🤖 AI Summary
To address low parallelism, high power consumption, and imbalanced inter-core communication overhead in training Spiking Neural Networks (SNNs) on multi-core near-memory computing architectures, this paper proposes a core-mapping optimization method based on an off-policy deterministic Actor-Critic algorithm (a DDPG variant). We innovatively integrate Graph Convolutional Networks (GCNs) to model topology-aware system states and design a memory-computation balanced model partitioning strategy. A continuous-action-space discretization mechanism is introduced to formulate a multi-objective co-optimization framework targeting computational parallelism, power efficiency, and inter-core communication load. Experimental results demonstrate that the proposed method significantly reduces chip power consumption and training time, decreases average flow load by 23.6%, improves system throughput by 19.4%, and enhances communication efficiency.
📝 Abstract
With the increasing application scope of spiking neural networks (SNN), the complexity of SNN models has surged, leading to an exponential growth in demand for AI computility. As the new generation computing architecture of the neural networks, the efficiency and power consumption of distributed storage and parallel computing in the many-core near-memory computing system have attracted much attention. Among them, the mapping problem from logical cores to physical cores is one of the research hotspots. In order to improve the computing parallelism and system throughput of the many-core near-memory computing system, and to reduce power consumption, we propose a SNN training many-core deployment optimization method based on Off-policy Deterministic Actor-Critic. We utilize deep reinforcement learning as a nonlinear optimizer, treating the many-core topology as network graph features and using graph convolution to input the many-core structure into the policy network.
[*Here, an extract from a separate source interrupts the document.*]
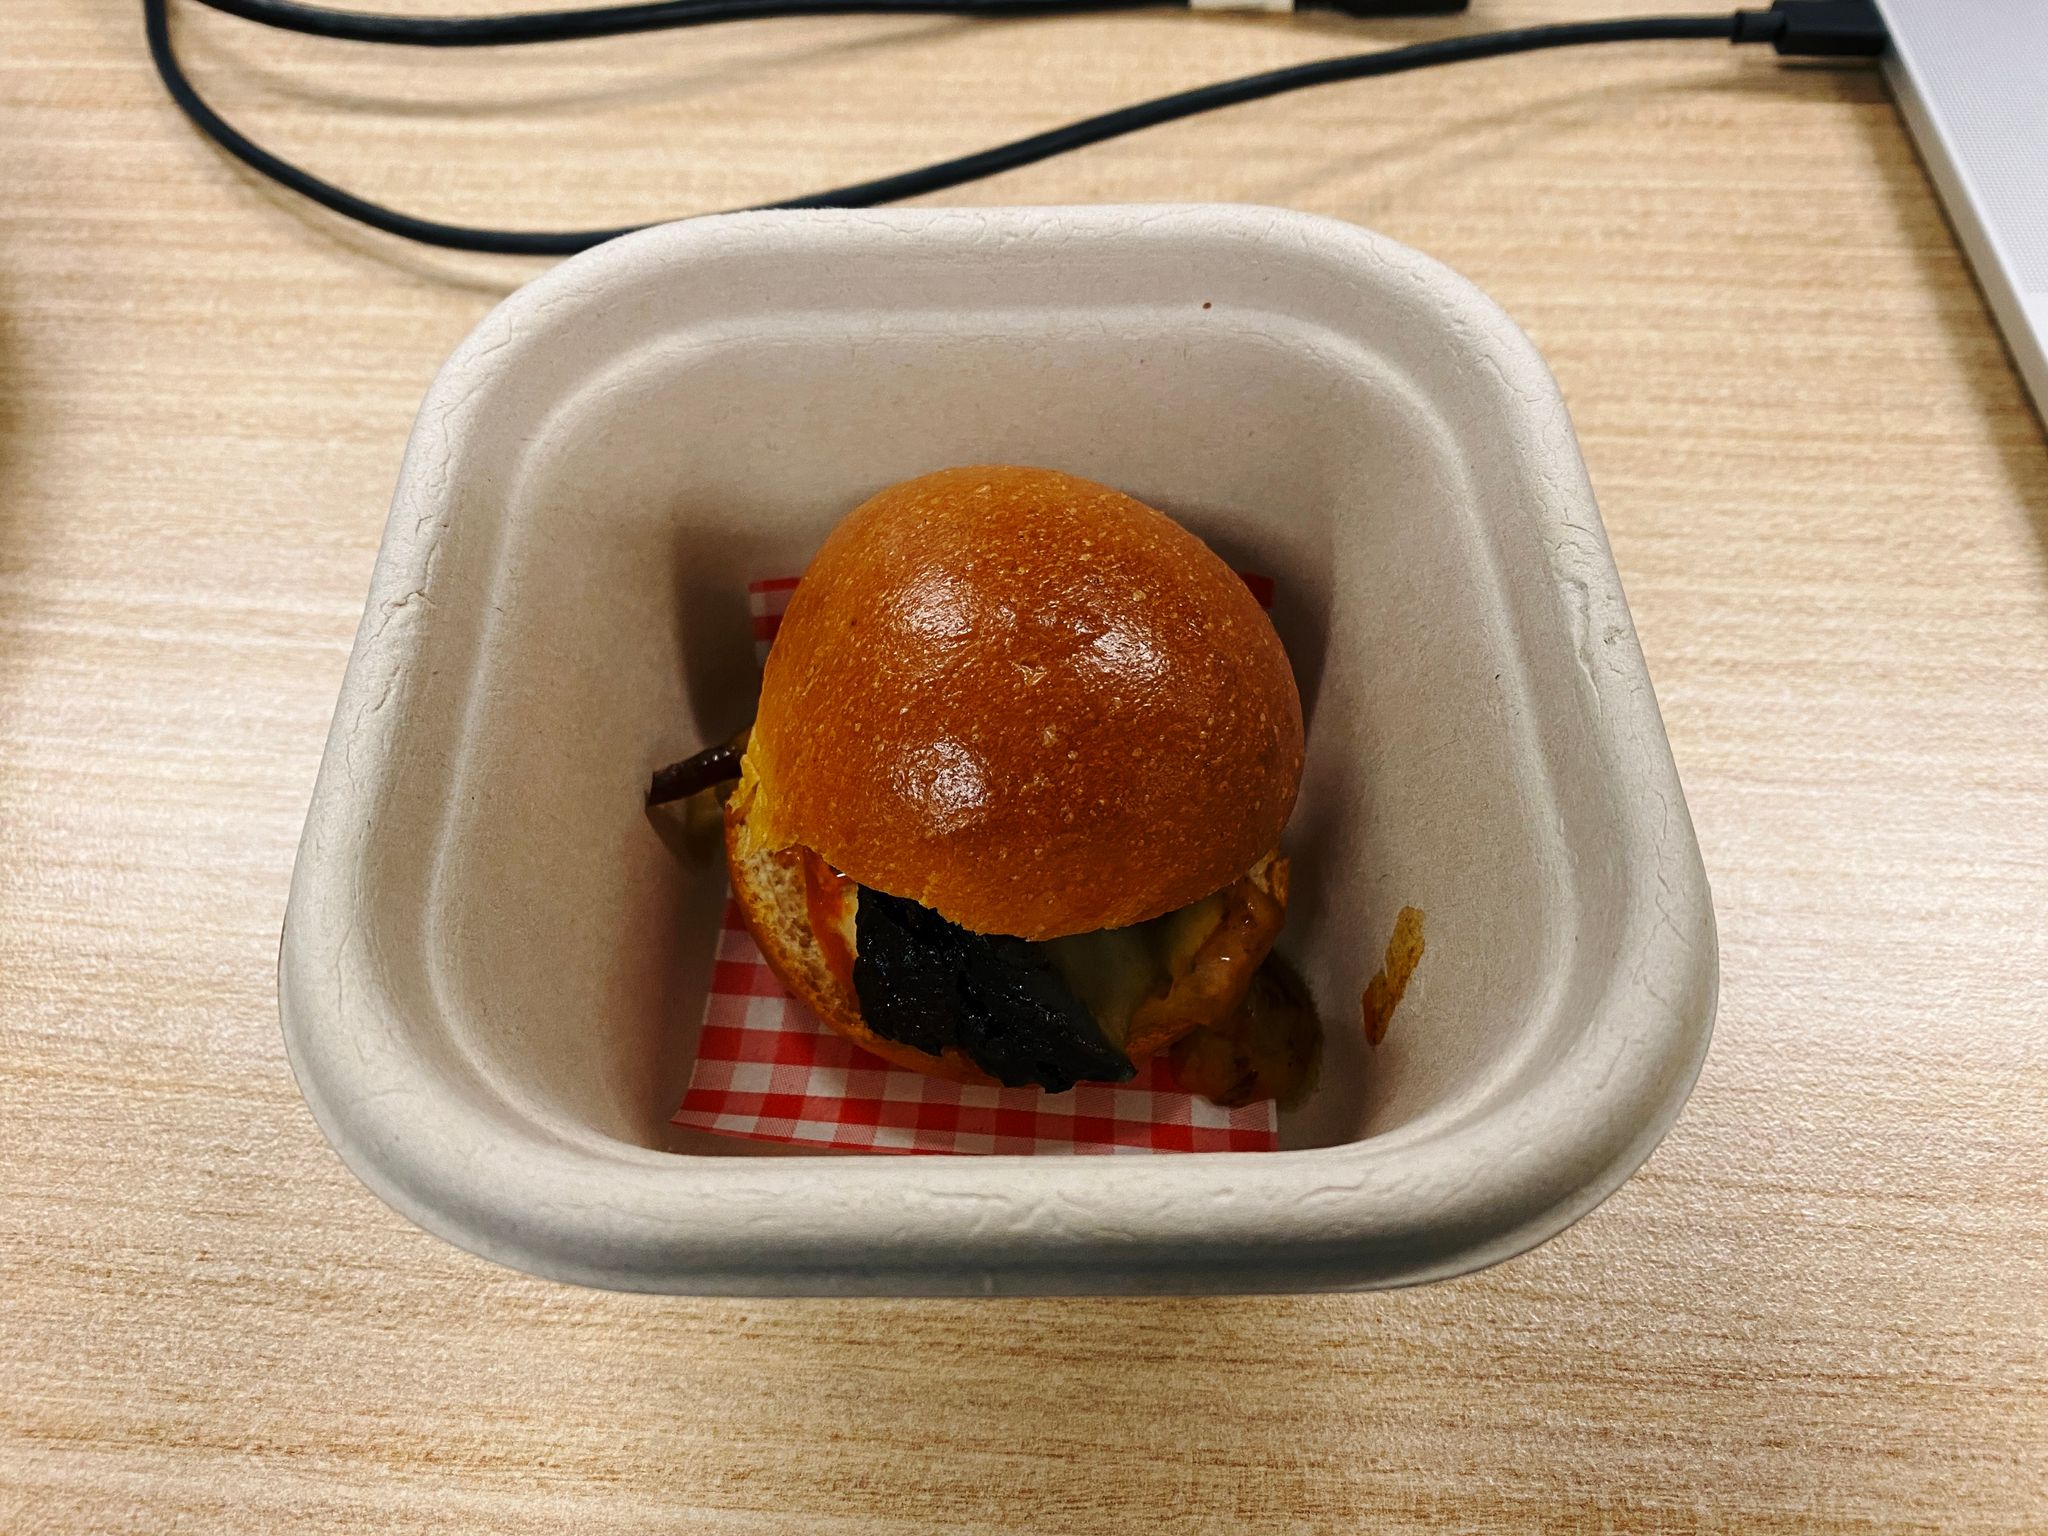 A photo of a tiny little slider sitting in a disposable cardboard container.

We update the parameters of the policy network through near-end policy optimization to achieve deployment optimization of SNN models in the many-core near-memory computing architecture to reduce chip power consumption. To handle large-dimensional action spaces, we use continuous values matching the number of cores as the output of the policy network and then discretize them again to obtain new deployment schemes. Furthermore, to further balance inter-core computation latency and improve system throughput, we propose a model partitioning method with a balanced storage and computation strategy. Our method overcomes the problems such as uneven computation and storage loads between cores, and the formation of local communication hotspots, significantly reducing model training time, communication costs, and average flow load between cores in the many-core near-memory computing architecture.